§ Records to use:
───

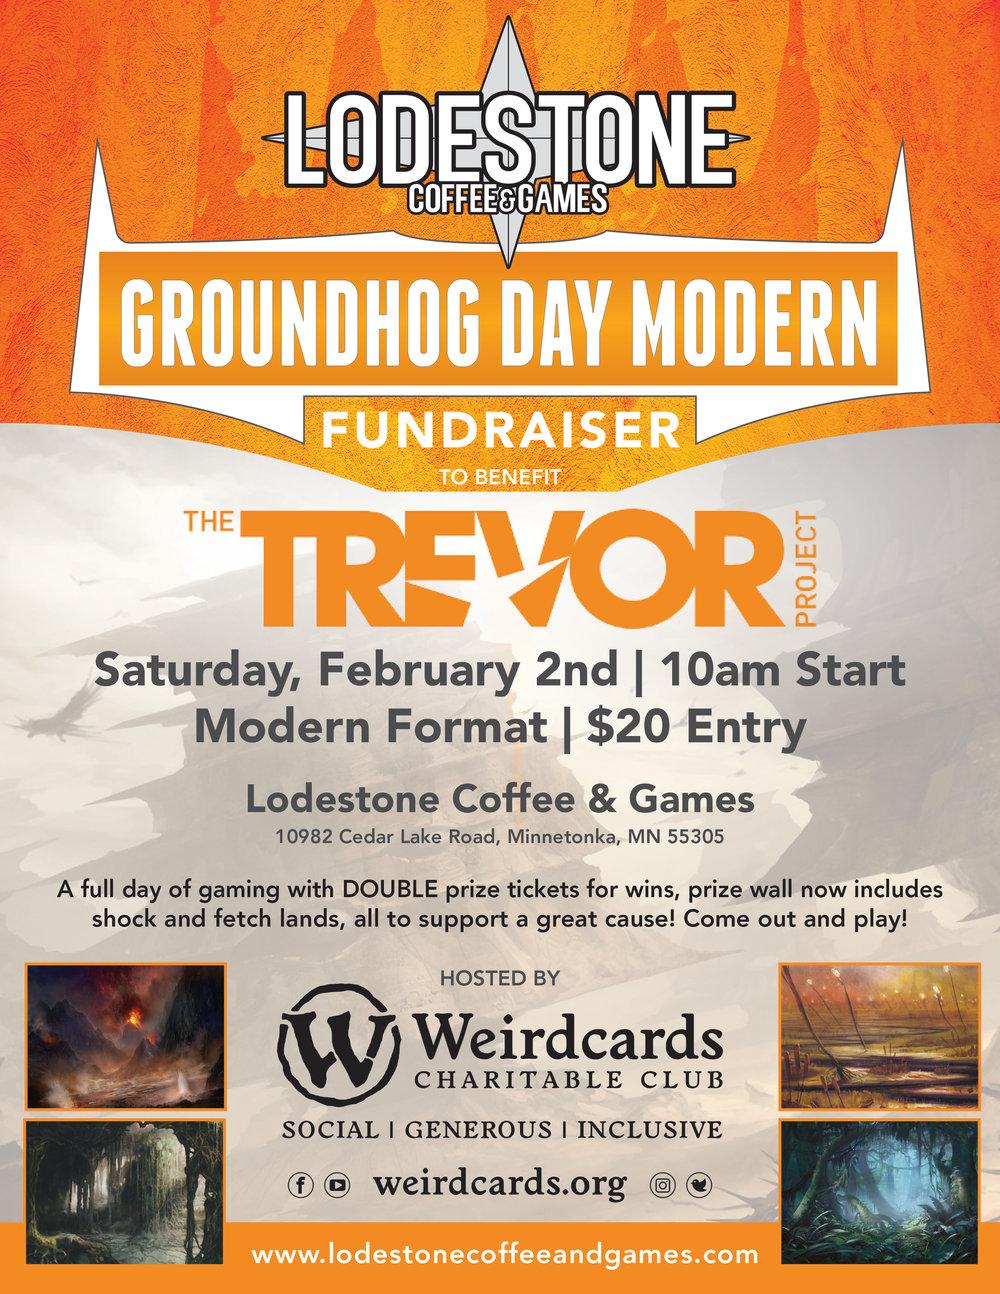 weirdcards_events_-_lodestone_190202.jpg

───

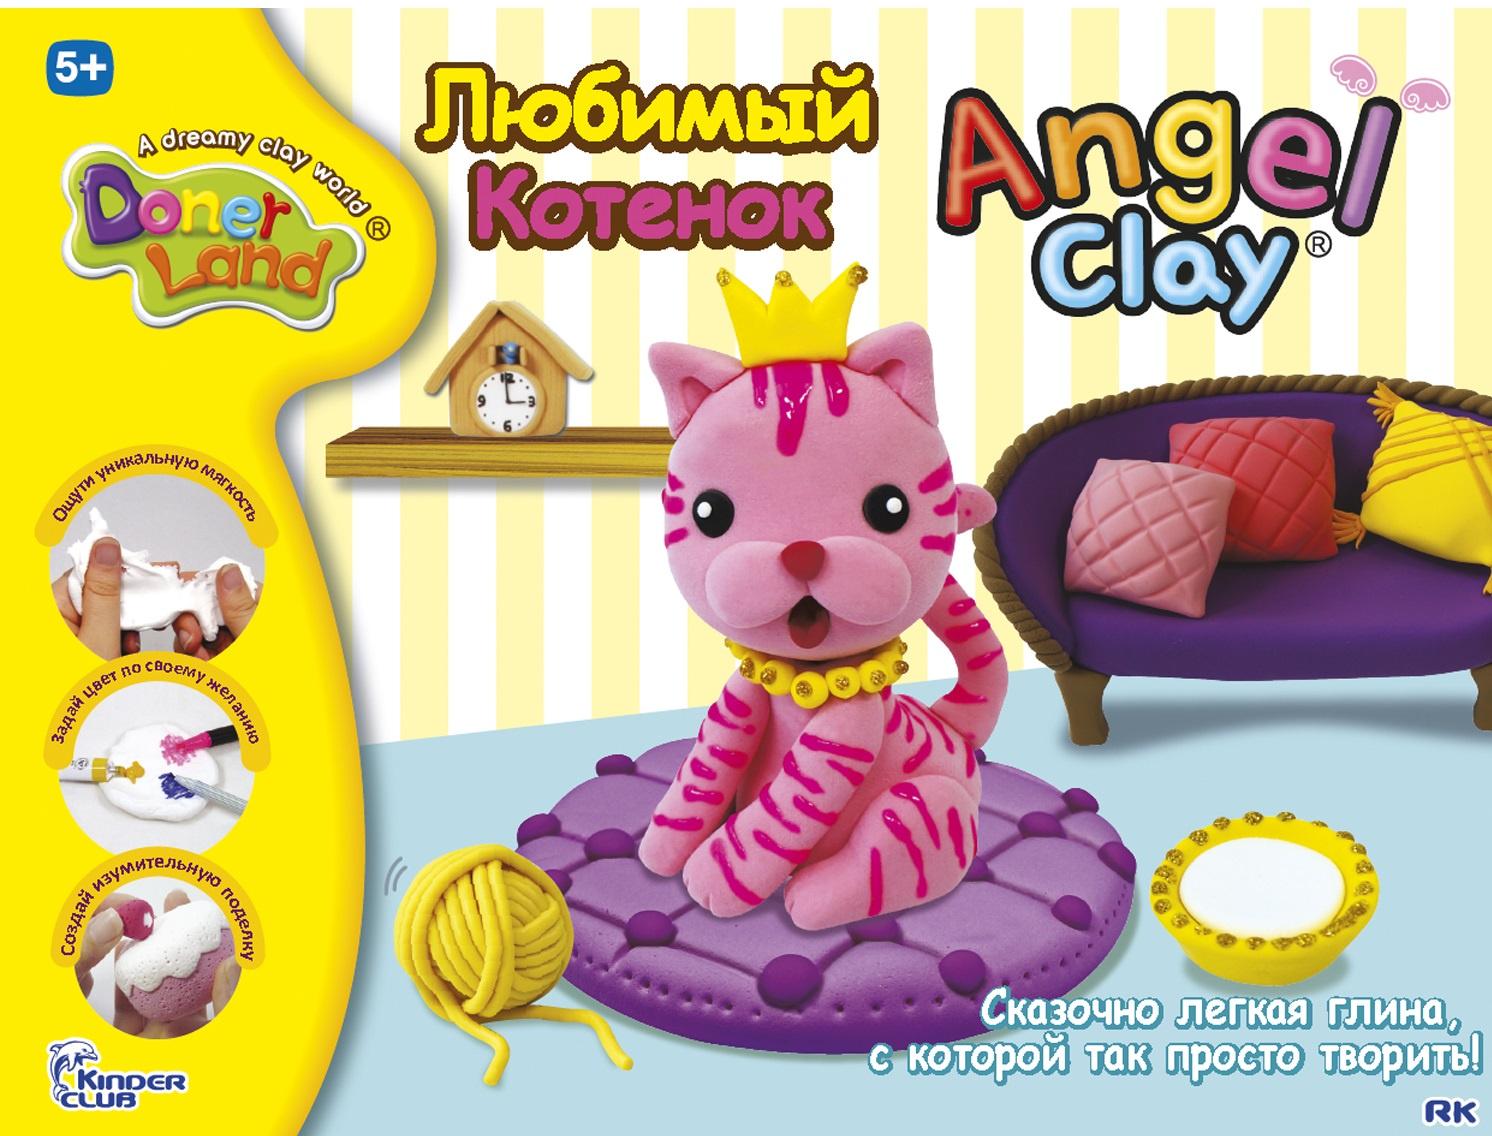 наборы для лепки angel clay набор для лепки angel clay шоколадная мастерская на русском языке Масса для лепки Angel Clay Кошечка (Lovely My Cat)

───

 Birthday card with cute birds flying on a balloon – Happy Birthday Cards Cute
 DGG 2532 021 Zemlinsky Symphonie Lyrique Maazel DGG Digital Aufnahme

───

§ Your goal: Would you retype the lines above from the one with "Birthday card with" down to the one with "DGG 2532 021", word for word, both ends included and no other lines?

§ Written reply:
 Birthday card with cute birds flying on a balloon – Happy Birthday Cards Cute
 DGG 2532 021 Zemlinsky Symphonie Lyrique Maazel DGG Digital Aufnahme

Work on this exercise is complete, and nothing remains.